> What this task involves
For this exercise, please transcribe exactly and only the lines from the one containing "59. Ben Jones, On" through the end of the material, both ends included, without pictures.

> Stored data

▶

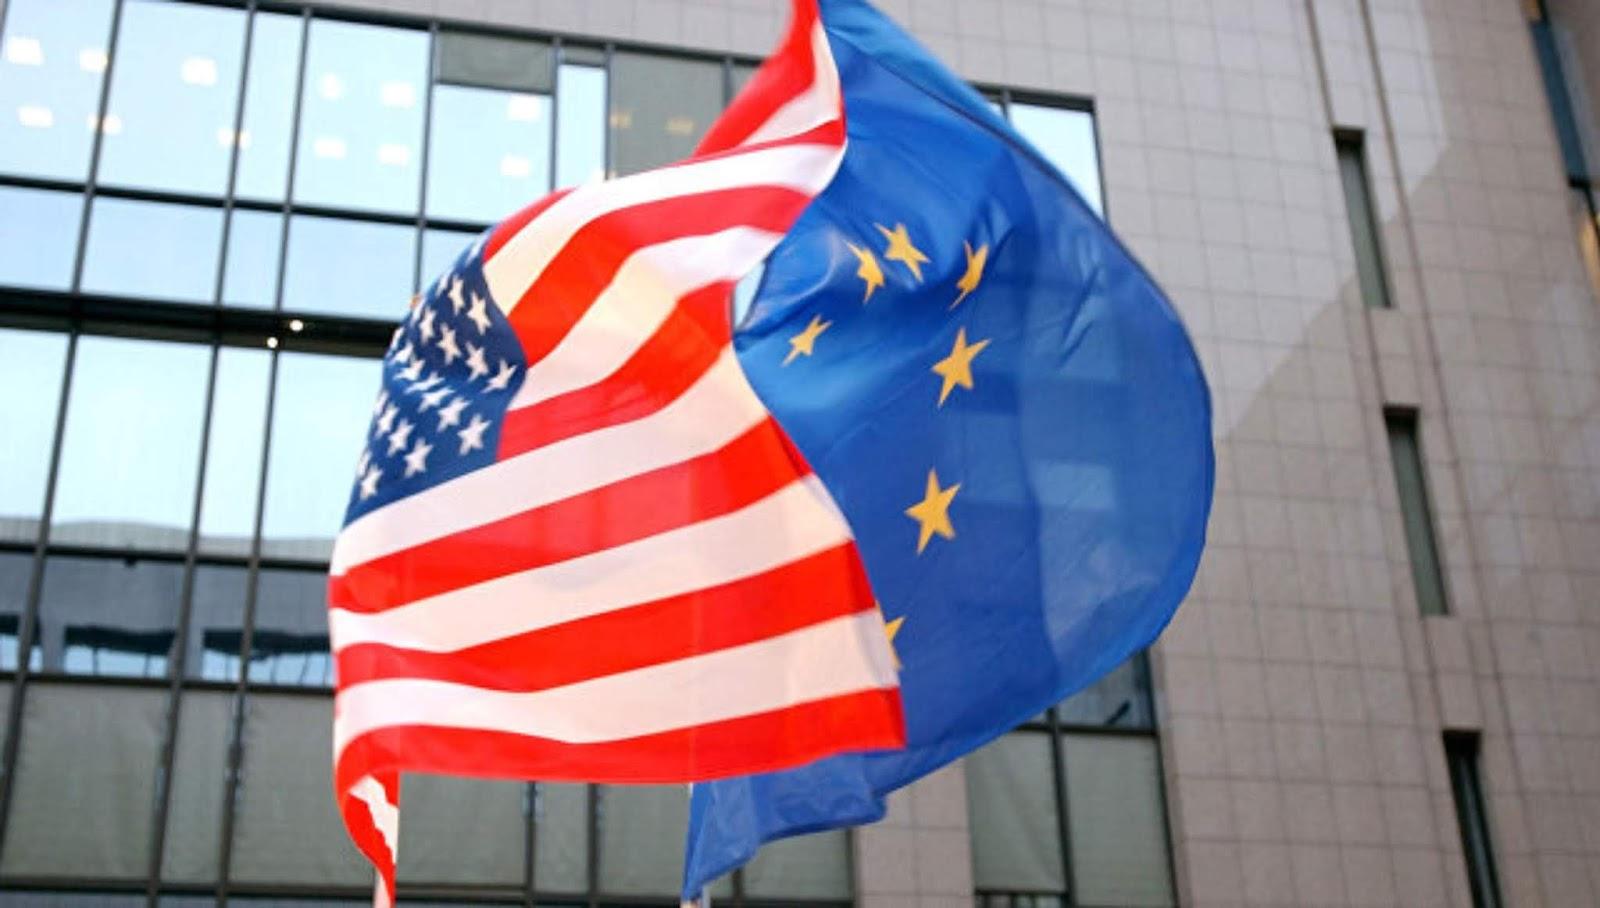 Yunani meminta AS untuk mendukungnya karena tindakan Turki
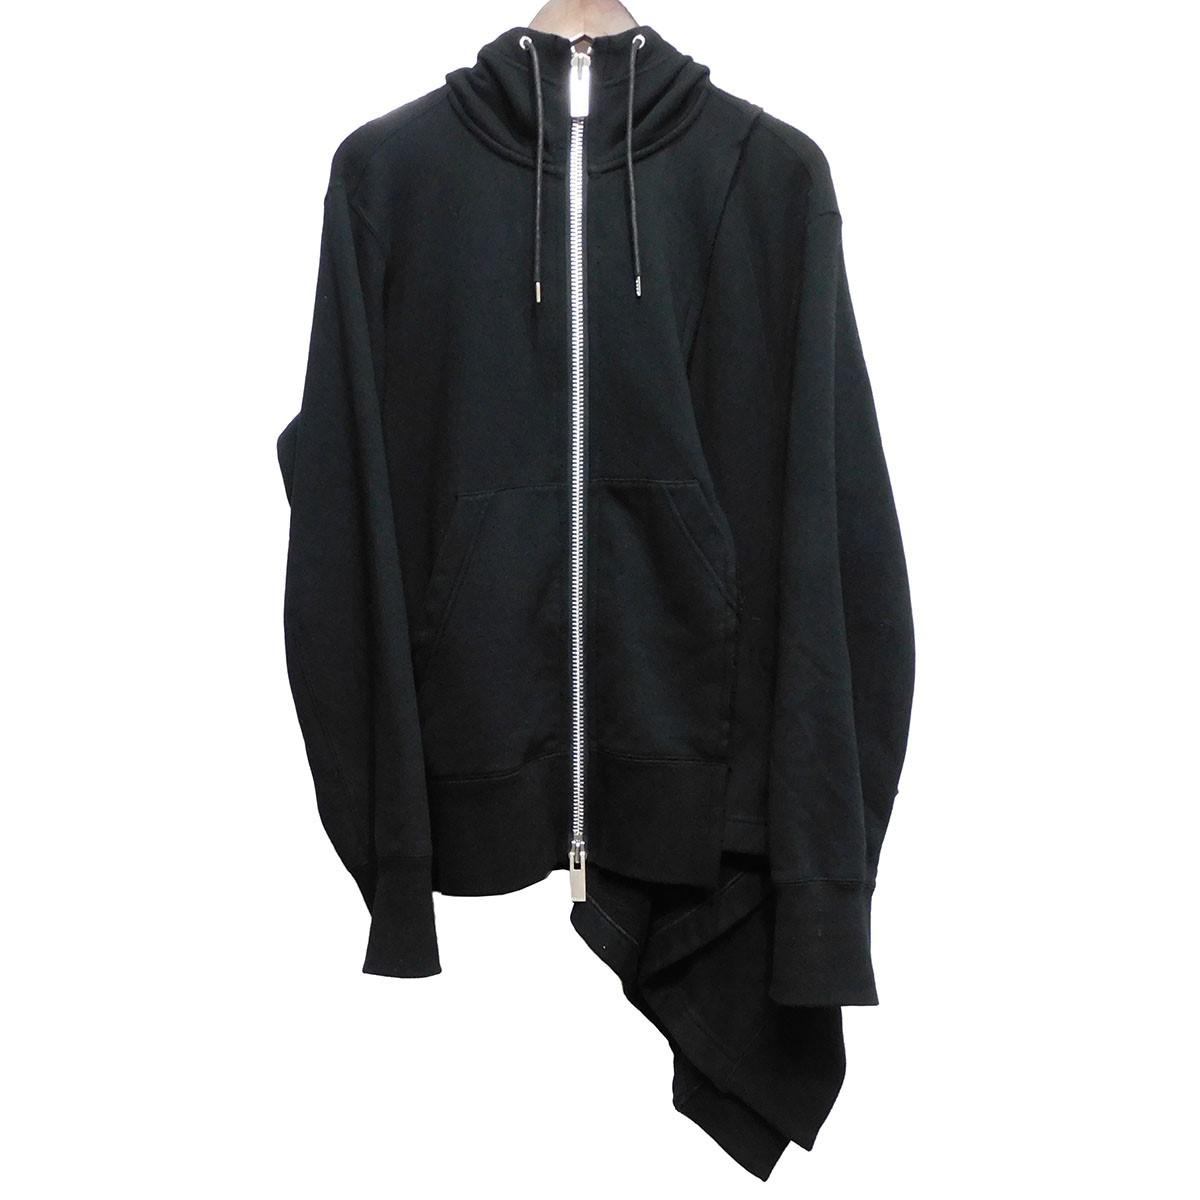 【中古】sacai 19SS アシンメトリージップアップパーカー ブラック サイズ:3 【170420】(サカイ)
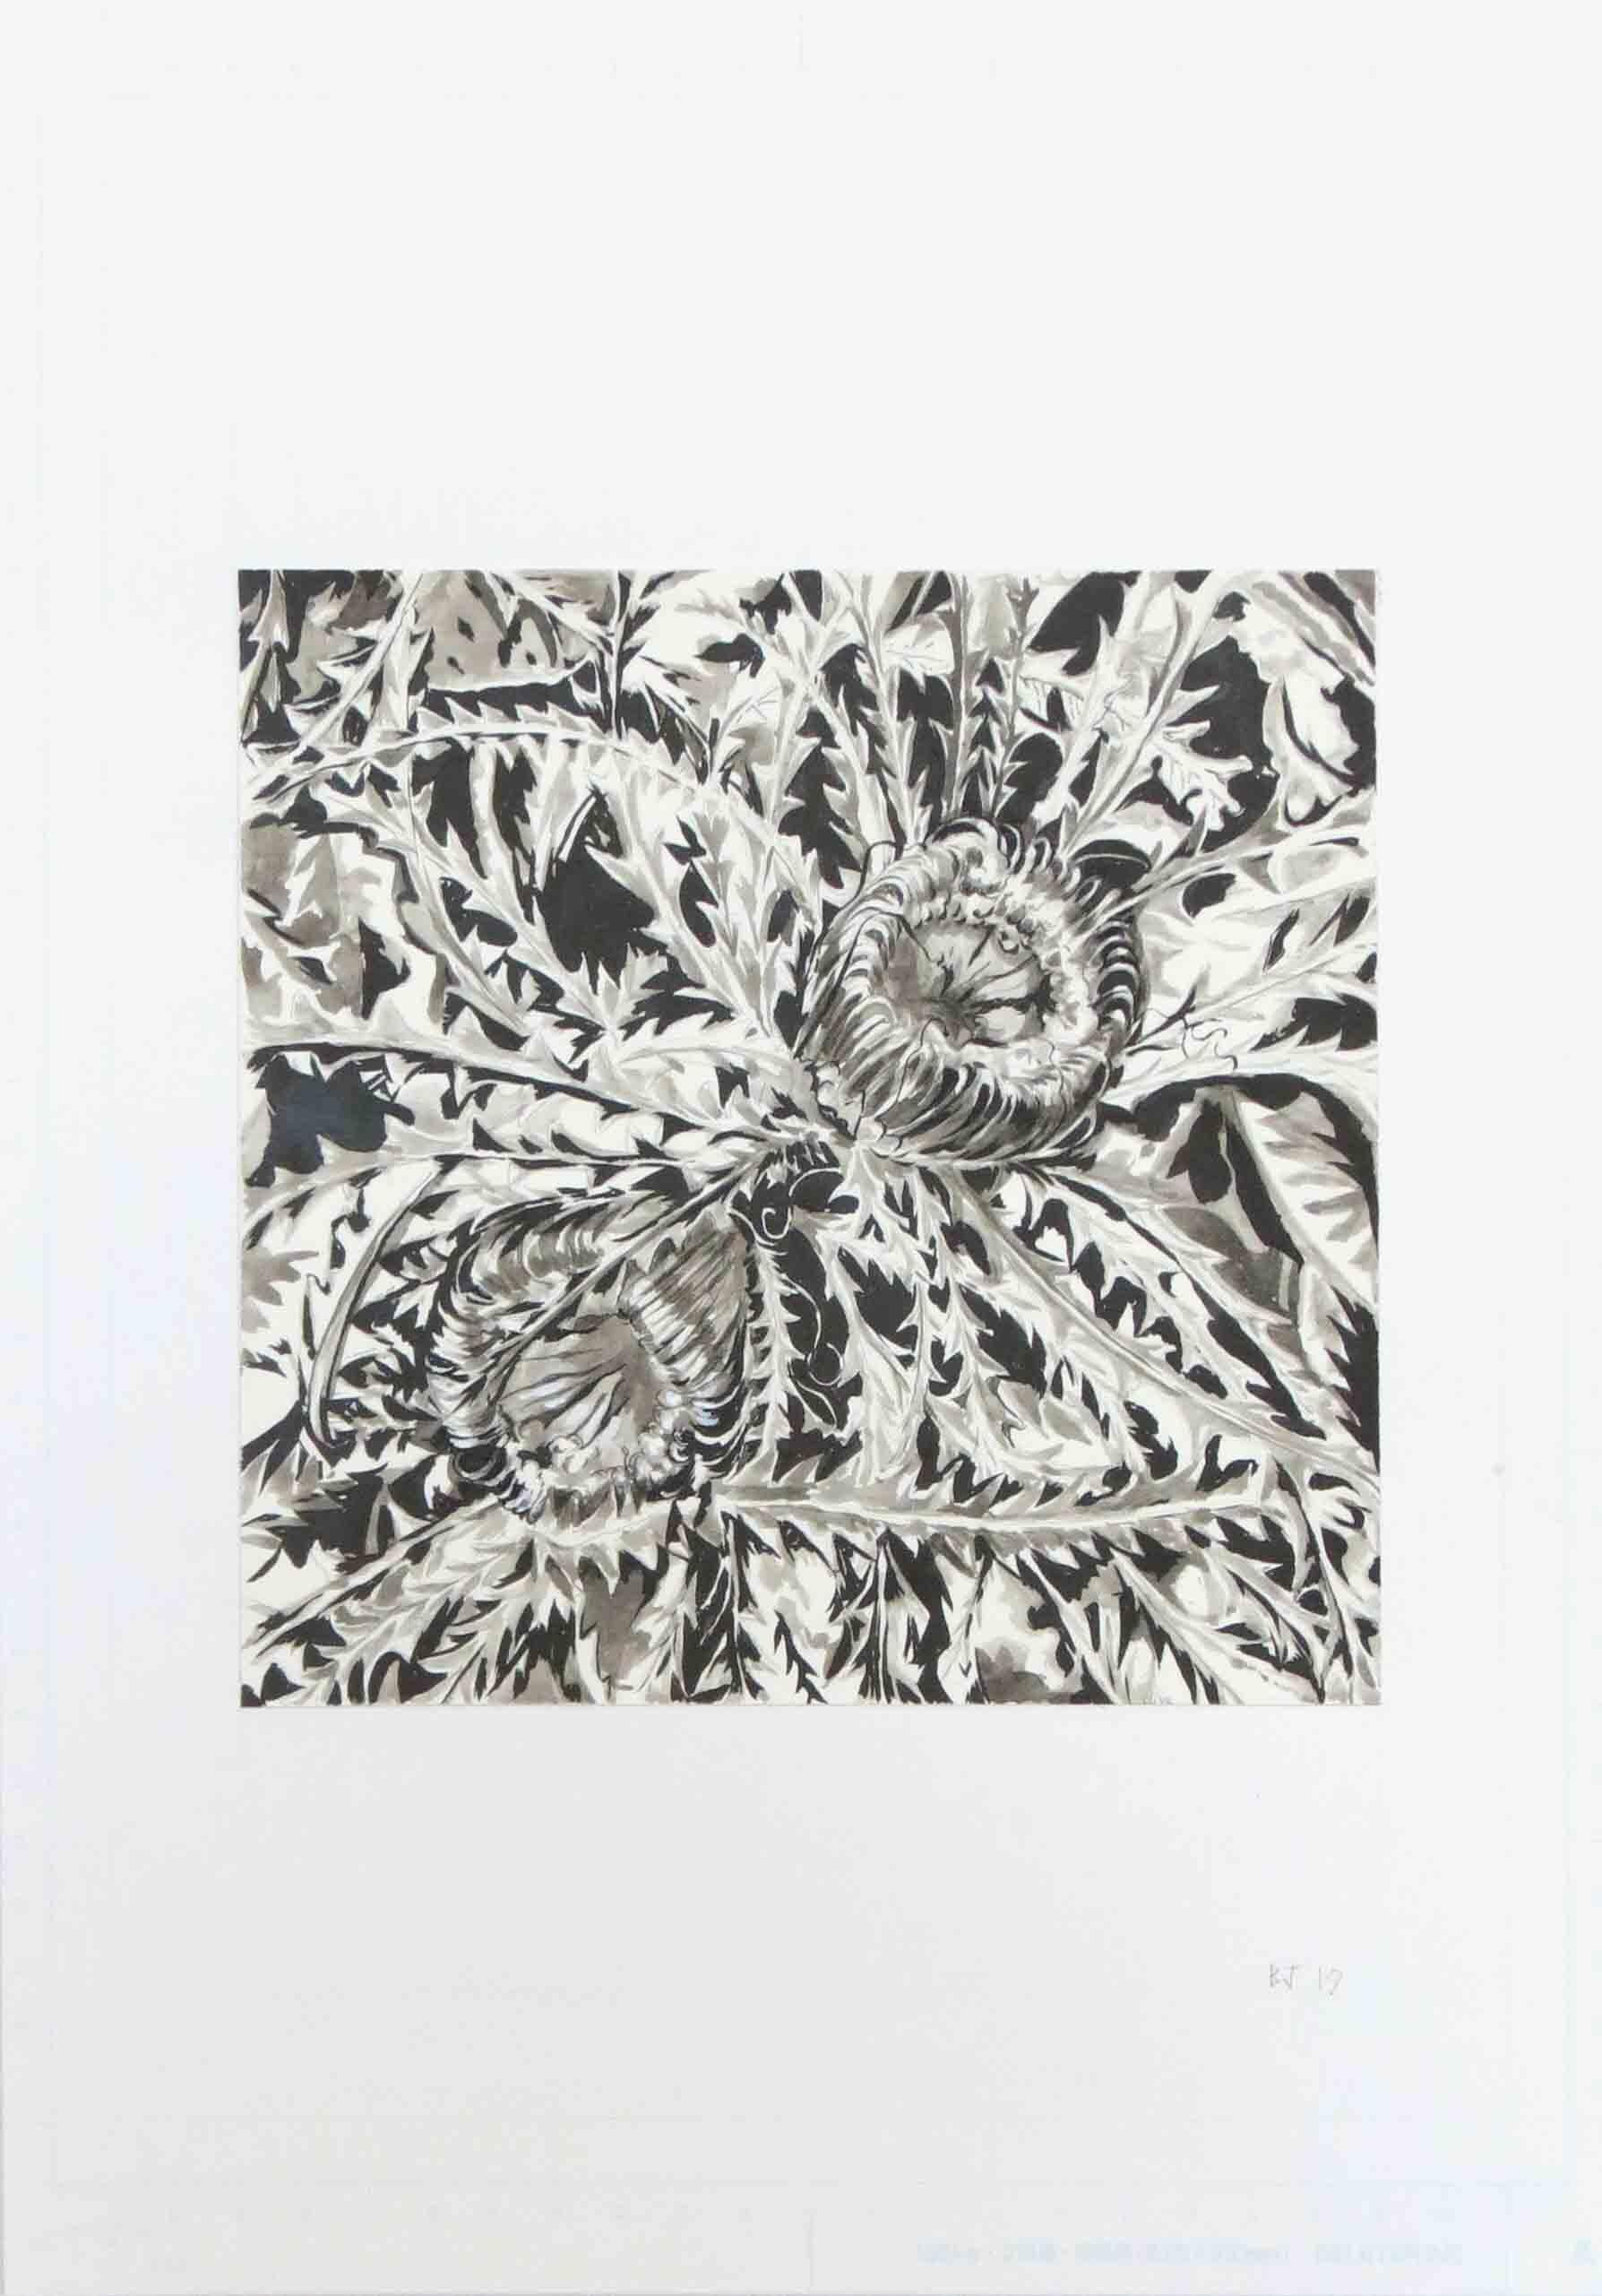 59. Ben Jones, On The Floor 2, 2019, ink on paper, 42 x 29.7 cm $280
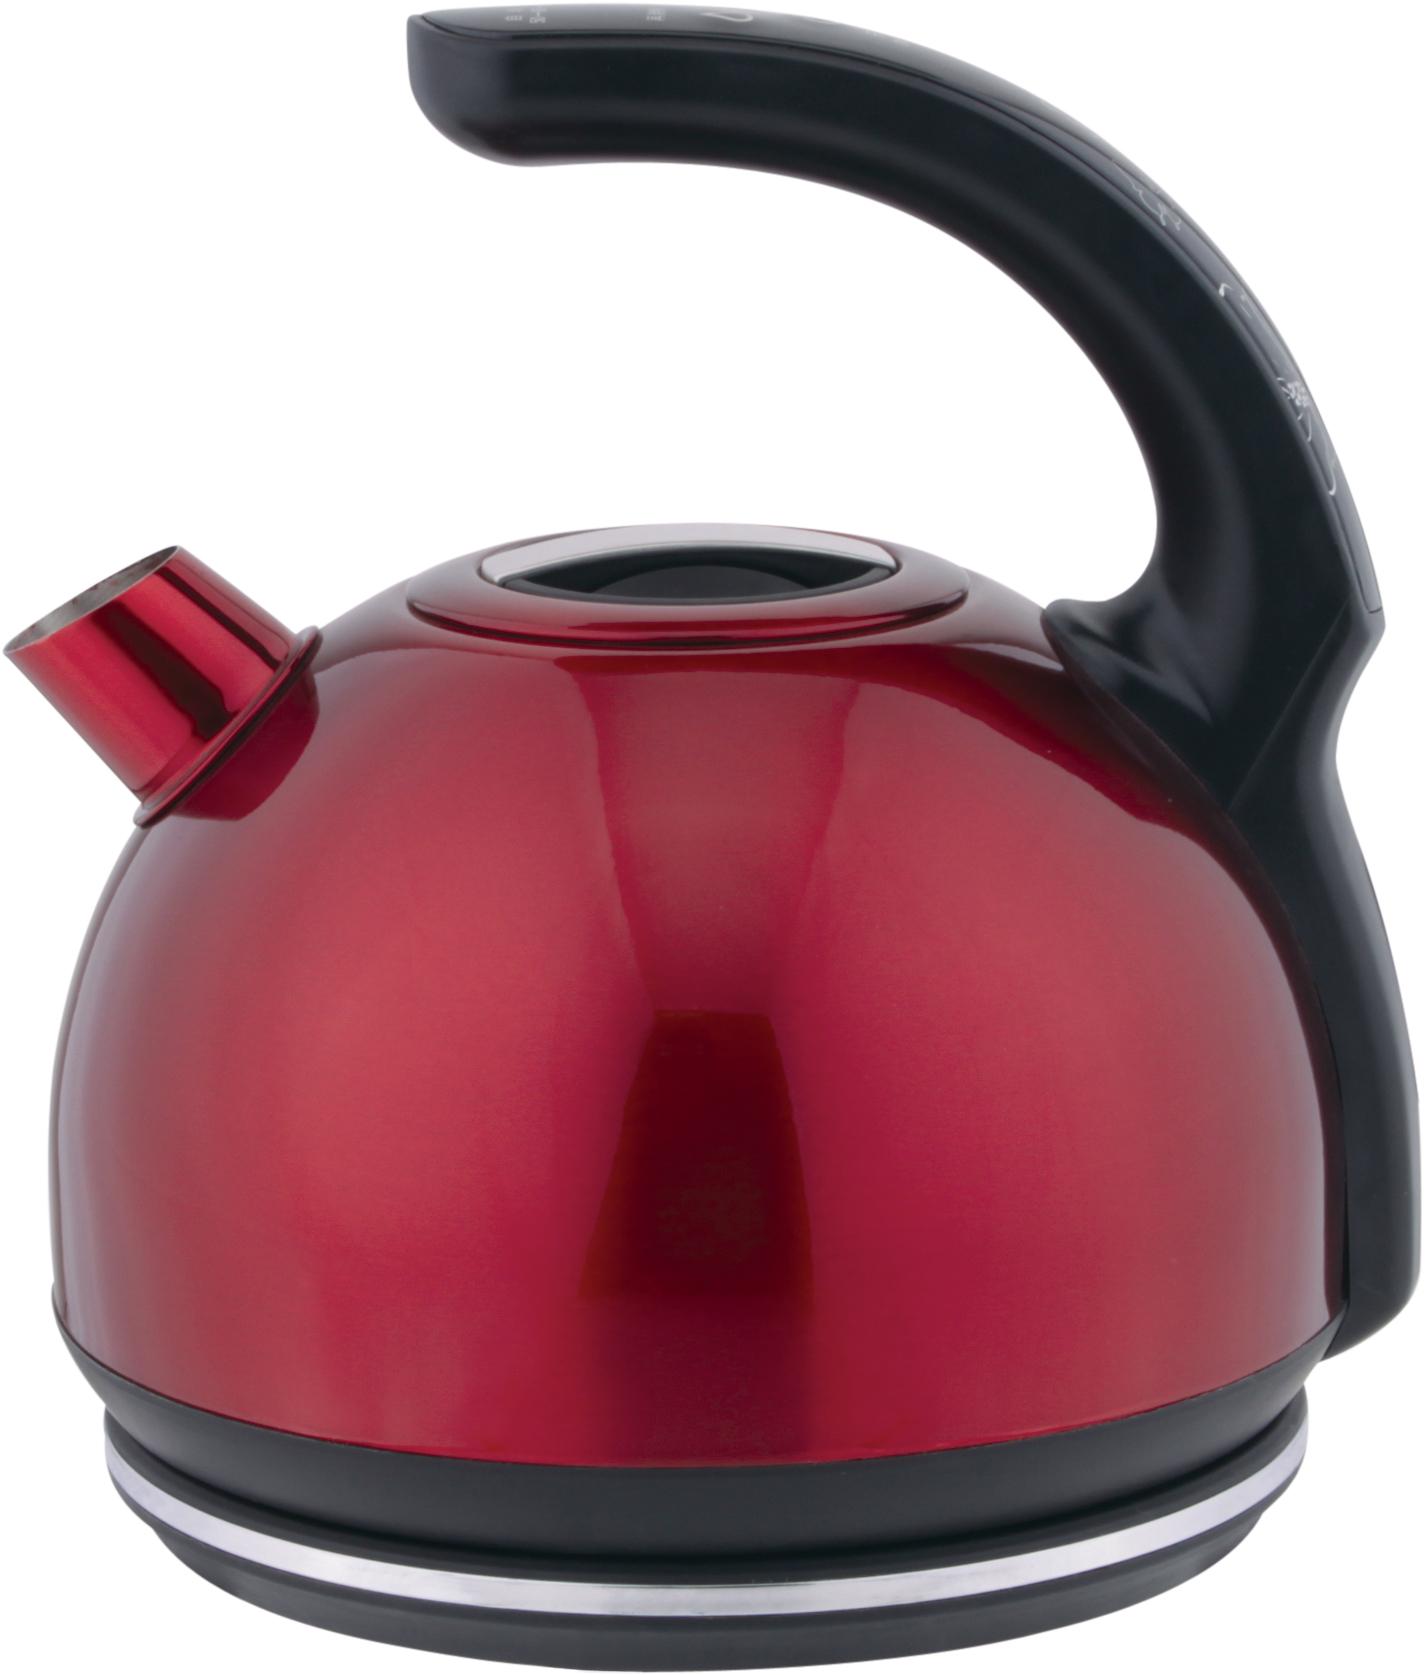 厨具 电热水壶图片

◀

> Solution to the problem
 59. Ben Jones, On The Floor 2, 2019, ink on paper, 42 x 29.7 cm $280
 厨具 电热水壶图片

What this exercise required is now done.